Only a few simple phrases are needed to sum up this film: Katniss is hesitant to be the Mockingjay, she sees something that allows Jennifer Lawrence to gain experience points in horrified face expressing, Cressida (a director tasked with following Katniss around to get emotionally charged footage) asks her to repeat what she has seen (and thus what we’ve just seen), Katniss gets fired up, and then we experience it all a third time thanks to Cressida’s propaganda piece. But then something happens sending Katniss back to being hesitant to go to war, more horrified face experience points, Cressida asks her to repeat what we’ve seen, Katniss gets fired up again, more propaganda.

“Should we fight? Yes we should. But should we? Yes we should. But… Should we?”

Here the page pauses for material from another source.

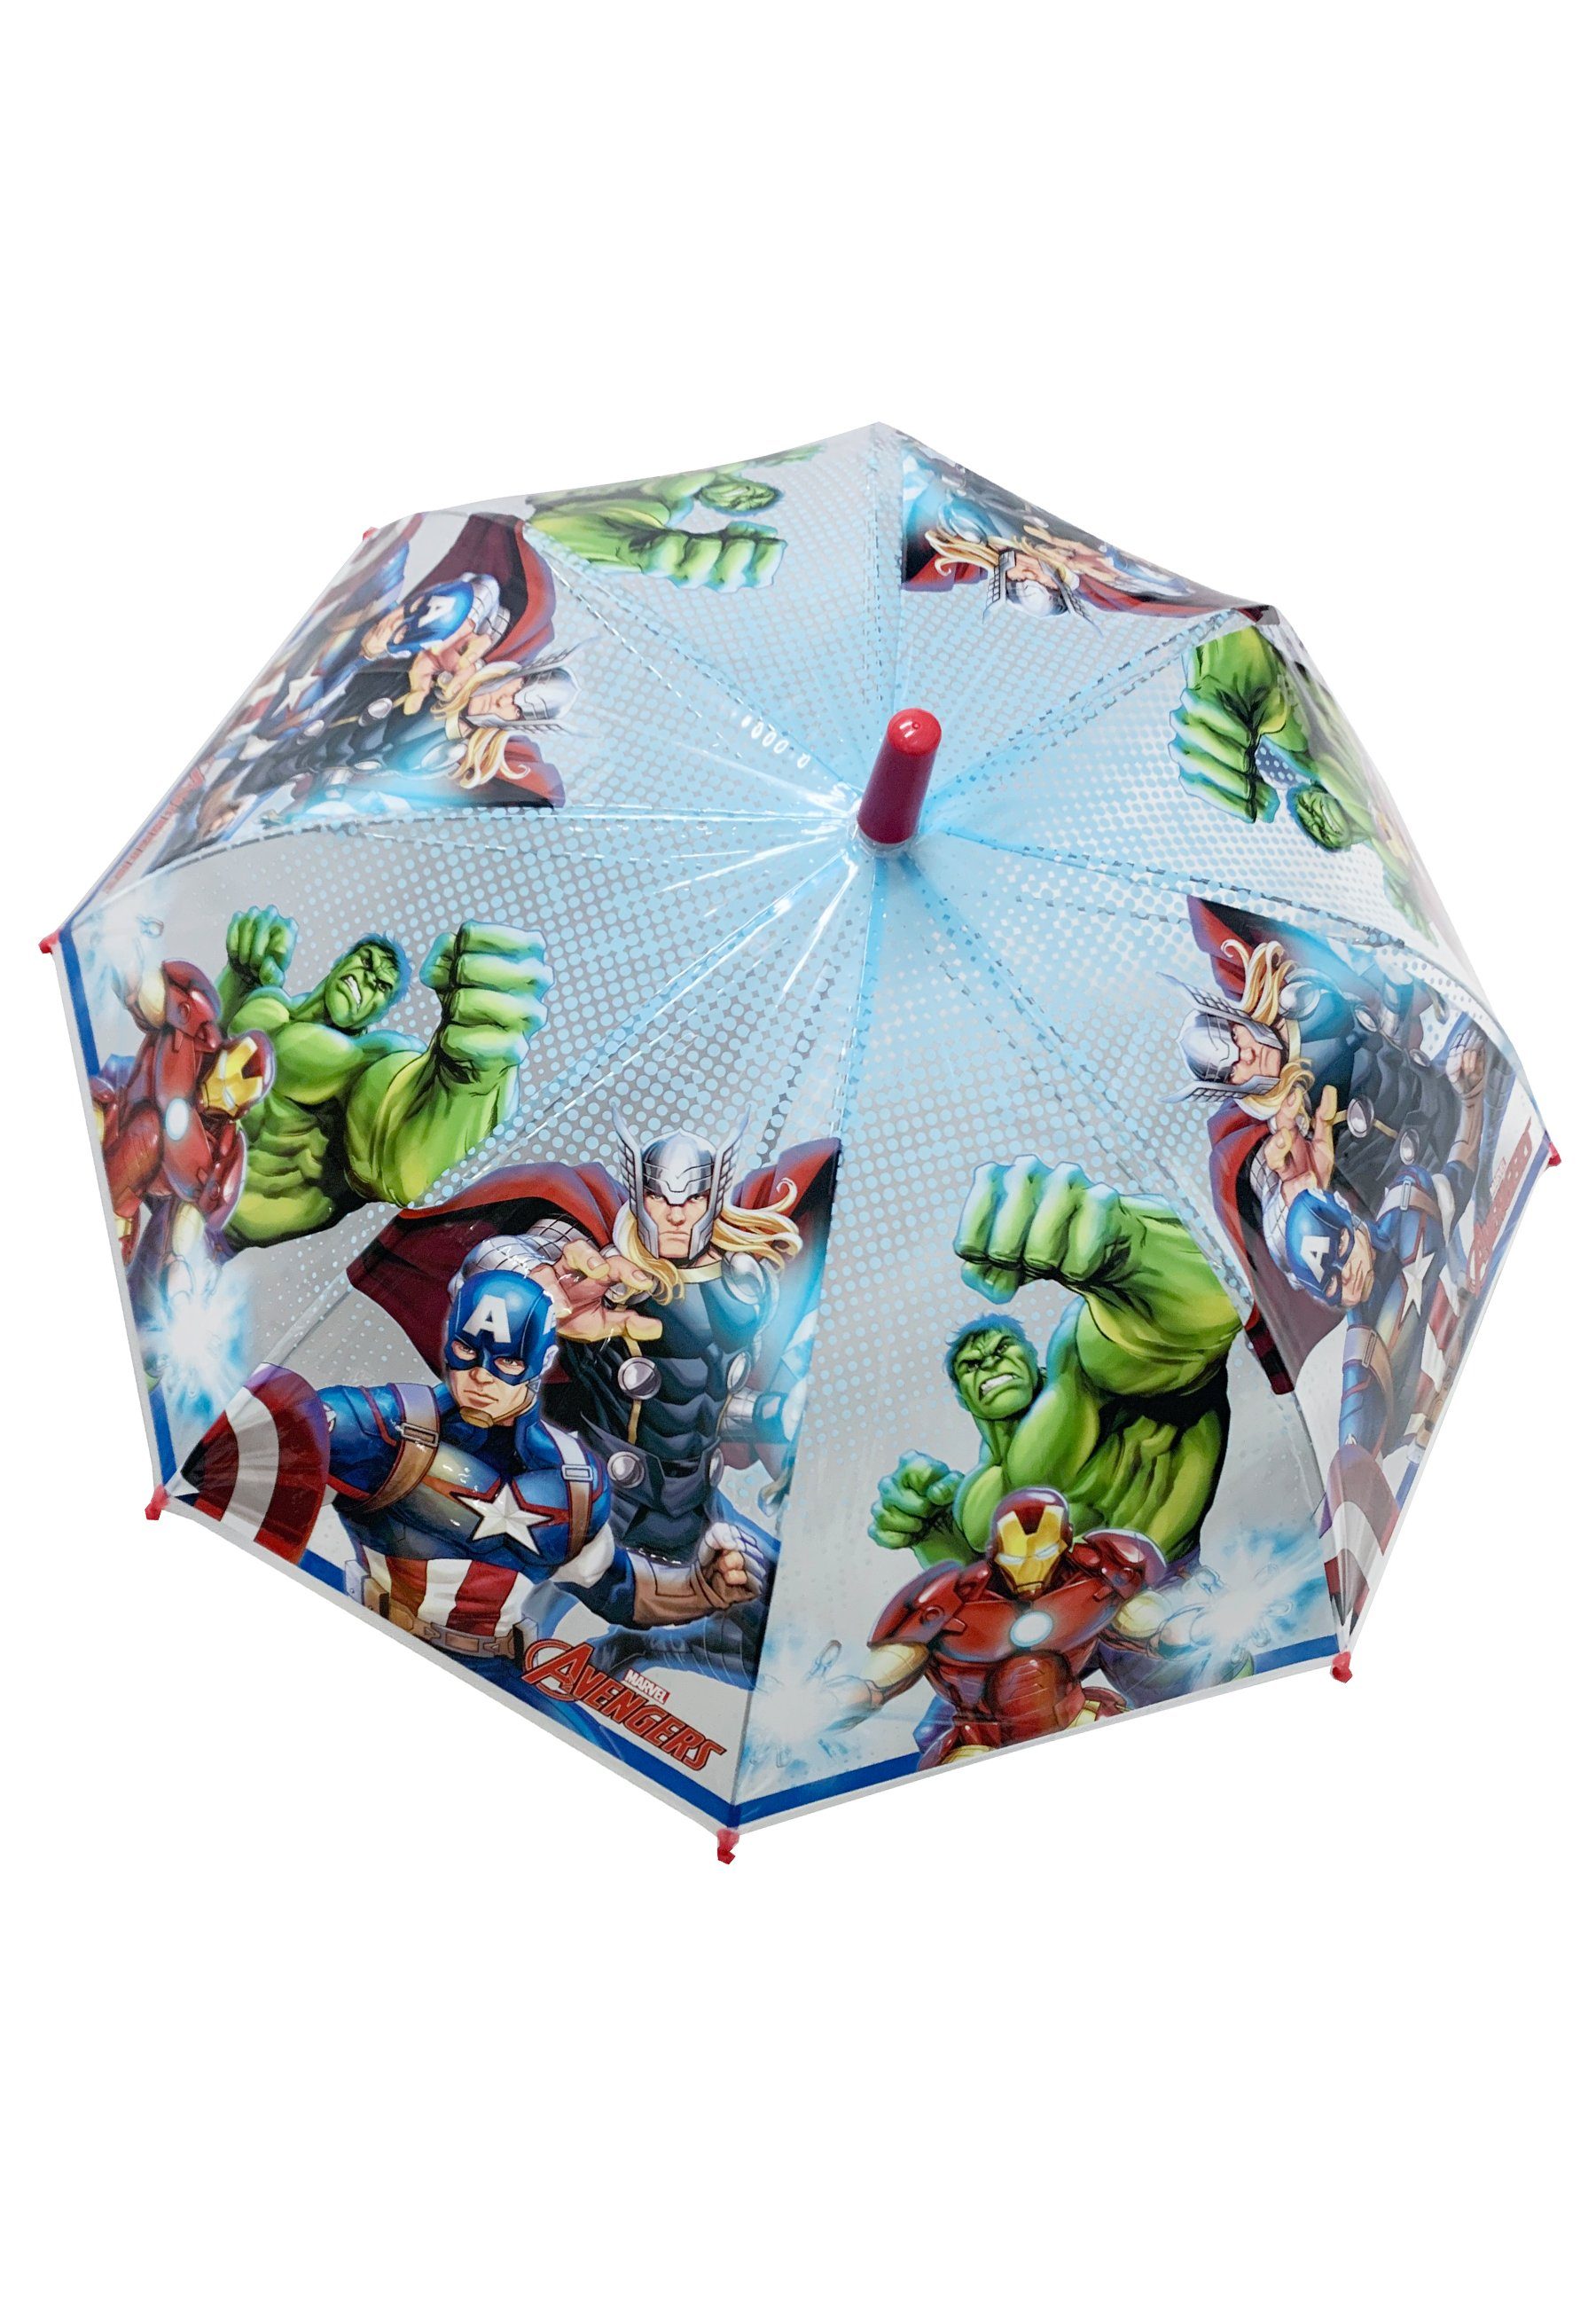 The Stock-Schirm Kuppelschirm Thor Jungen Kinder Stockregenschirm Iron Man AVENGERS Hulk

Yes we should, so get to it already.

After all Katniss has gone through it is understandable that she has been broken down emotionally, and her hesitation to be the Mockingjay is an important part of the book to include in the film adaptations. But breaking Mockingjay into two parts does this aspect of the story a disservice because it becomes a watered down story of mostly stretched out filler slowly setting up the events to come. Sure, there are some great scenes showing unrest throughout the districts as they deal with the Capitol’s forces, but these are the only moments that really stand out in this film. Everything else is just a slow boil in an attempt to make a whole film to fit between Catching Fire and the big events that will conclude the series.

Long story short, The Hunger Games: Mockinjay Part 1 is worth seeing the one time, but when I watch the series in the future I could easily leave this film out of the marathon because it just doesn’t fit with the flow of the rest. Honestly, I probably will.